Quality assessment faces challenges because mortality, morbidity, and waiting times often fall outside ideal evaluation parameters. Thus, surgery evaluation indicators typically include mortality, disability, dissatisfaction, and disease rates. Effective hospital administration requires knowing the patient volume that surgical services can handle within a set timeframe. Common quality indicators include the number of procedures performed, operating room utilization for emergency and elective surgeries, and patient satisfaction. Surgical services encompass both clinical and educational roles. Because operating rooms are costly, efficient use depends on punctual schedules, flexibility, low cancellation rates, and high utilization.

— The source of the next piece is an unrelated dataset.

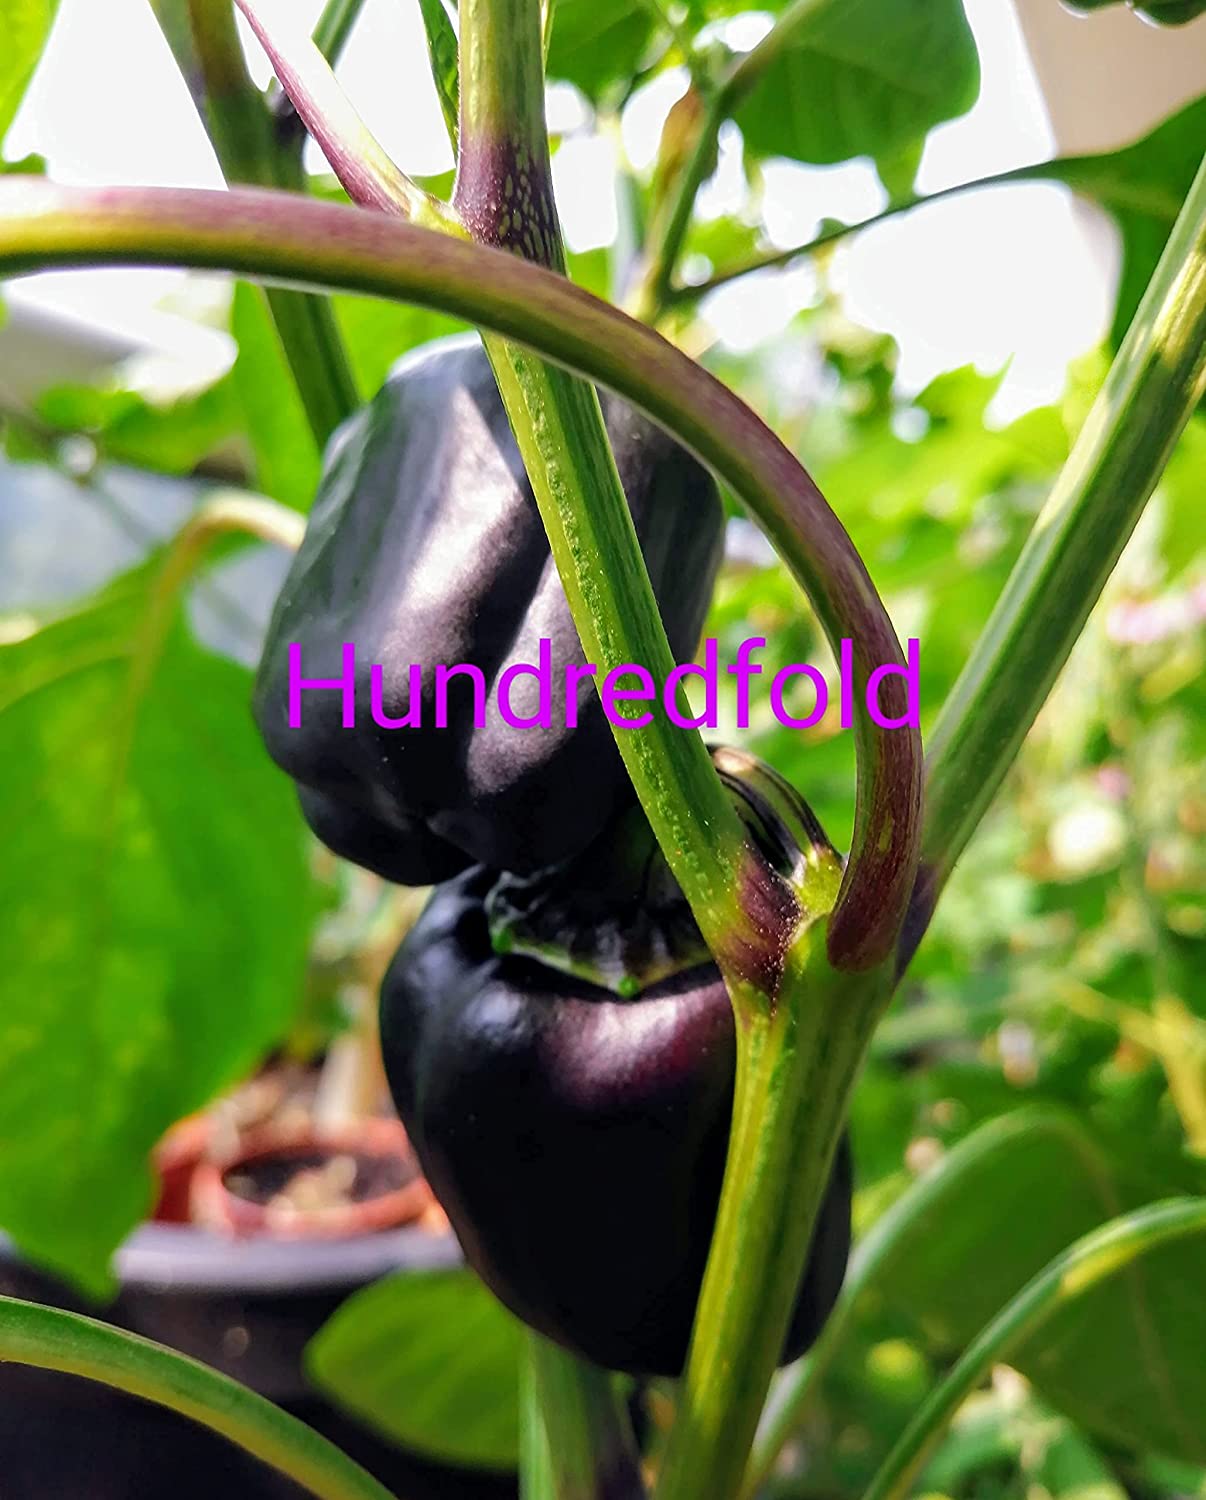 Hundredfold Organic Purple Beauty Sweet Bell Pepper 30 Vegetable Seeds - Capsicum annuum Non-GMO, Container & Raised Bed, Grow Your Own Food, Packed and Shipped in Canada

Academic and Leadership Applications

In the academic aspect, surgical services also train future professionals. The balanced scorecard can structure this area as follows:

  • Vision and Strategy: Strengthen teaching, research, and training skills within the surgical department.
  • Financial Perspective: Promote continuous staff training and secure funding for educational innovation.
  • Internal Processes: Establish shared schedules, academic and surgical protocols, and improve teaching organization.
  • Customer Perspective (faculty/residents/students): Conduct semiannual feedback, offer continuous professional development, and design annual curricula with tutoring.

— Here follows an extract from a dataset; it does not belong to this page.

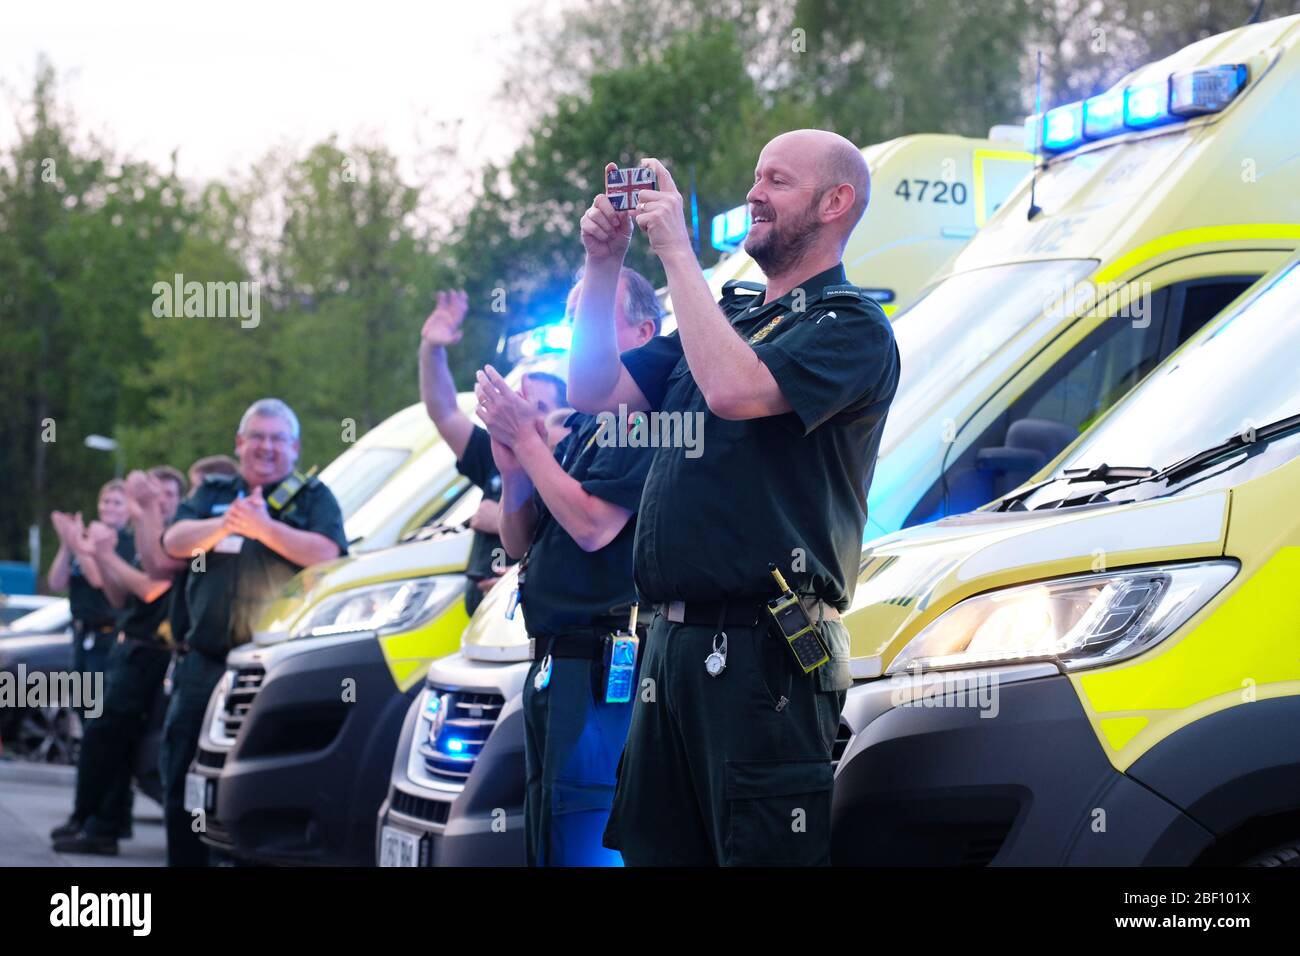 Hereford, Herefordshire, UK – Thursday 16th April 2020 – NHS ambulance crew and paramedics stand outside the A&E unit at the County Hospital in Hereford at 8pm to clap for their colleagues and other key emergency workers for the fourth consecutive Thursday since the Coronavirus Covid-19 lockdown started. Photo Steven May / Alamy Live News Stock Photo

Learning and Growth: Enhance teaching and surgical skills, host simulator workshops, provide supervised training, offer writing mentorships, and increase publications by residents and faculty.Implementing the BSC in healthcare, particularly in surgical departments, represents a paradigm shift—from reactive to strategic, proactive, and results-oriented management. In high-pressure surgical environments combining clinical complexity, workload, and educational responsibility, the BSC turns the surgical vision into quantifiable objectives across four core areas: learning, processes, community, and resources.

This allows:

  • Identifying imbalances between clinical care and resident education to guide strategy.
  • Evaluating academic impact, operational efficiency, and stakeholder perception in real time.
  • Fostering a culture of continuous improvement based on data, teamwork, and innovation, optimizing surgical resource use.
  • Thus, the balanced scorecard becomes more than a control tool - it becomes a leadership and transformation mechanism that enhances surgical quality, professional development, and the hospital’s social impact.

Conclusion

Healthcare institutions must be prepared for continuous technological change. Efficient information management through integrated quality systems facilitates better decision-making and ensures competitiveness in the healthcare sector.